Additionally, the Lexington Umbrella Policy contains a
"Maintenance of Scheduled Underlying Insurance" provision, under which EnLink agreed to "keep 'scheduled underlying insurance' in full force and effect." If EnLink "fail[ed] to comply . . . , [Lexington] will be liable only to the same extent that [it] would have [been liable], had [EnLink] fully complied."

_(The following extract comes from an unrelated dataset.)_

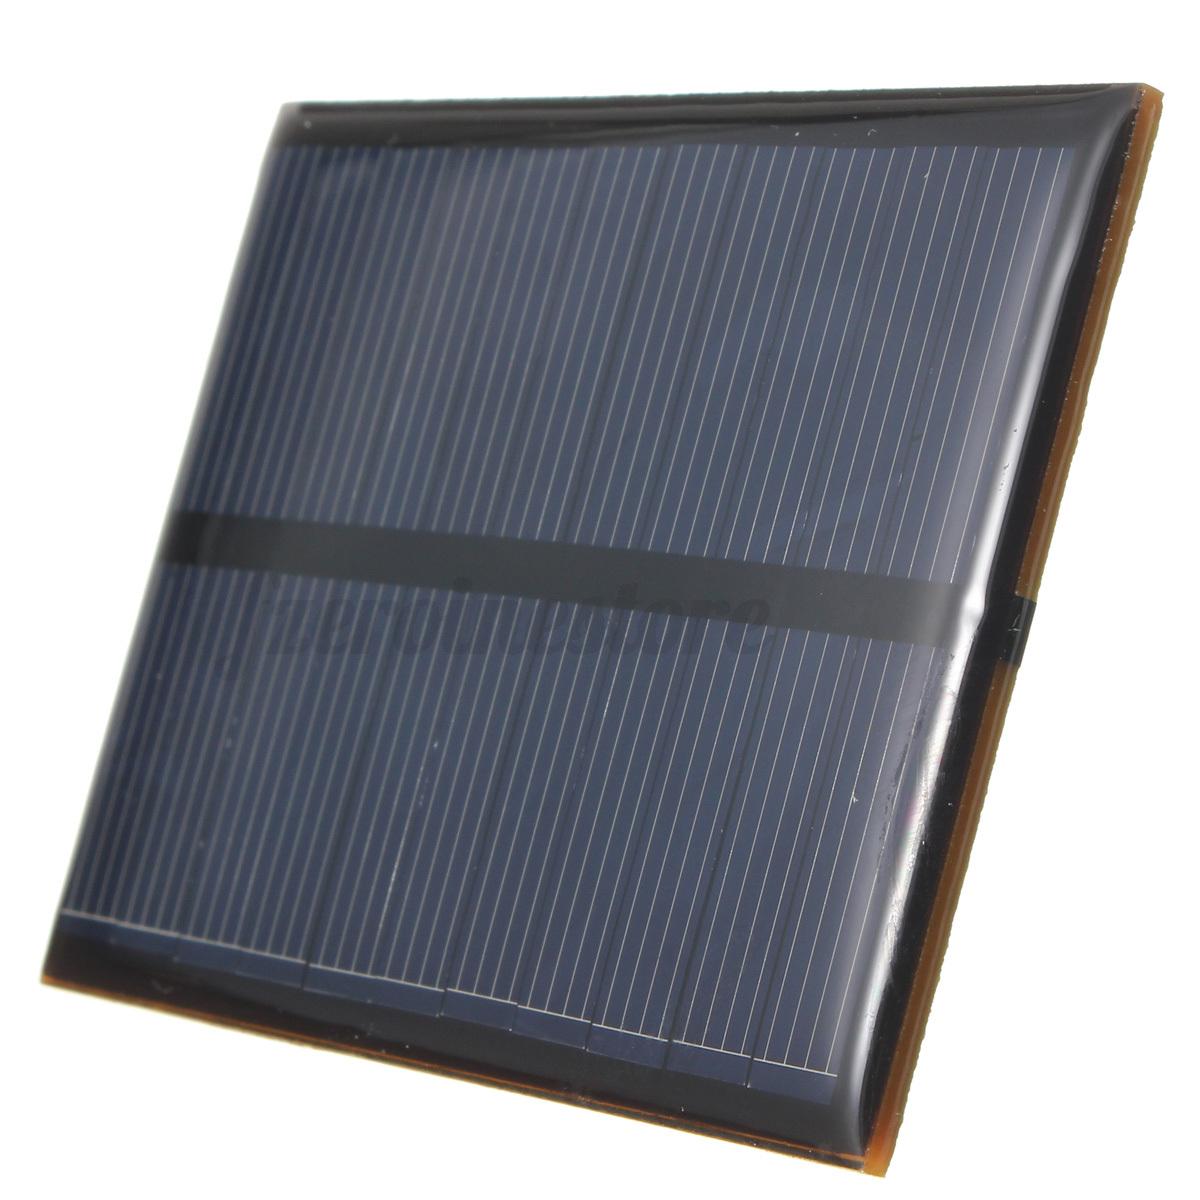 Hk 5 5v 0 66w 120ma Solar Panels Module Diy For Small

At the close of discovery, Lexington filed a motion for summary judgment seeking dismissal of all claims, and an alternative motion for partial summary judgment seeking: (1) a declaration that the Lexington Umbrella Policy does not drop down to fill a gap in coverage and does not attach until the Bergers establish damages in excess of $3,211,664.87—the combined amount of National Union's $3,000,000 limit, the $15,000 settlement with the Champagnes for the limit of their automobile insurance policy, and the $196,664.87 in worker's compensation benefits Eric Berger received; (2) a declaration that the Bergers are not entitled to recover written-off amounts related to medical expenses paid by the worker's compensation insurer; and
(3) dismissal of the Bergers' claim for future medical expenses based on a lack of evidence to support the claim at trial.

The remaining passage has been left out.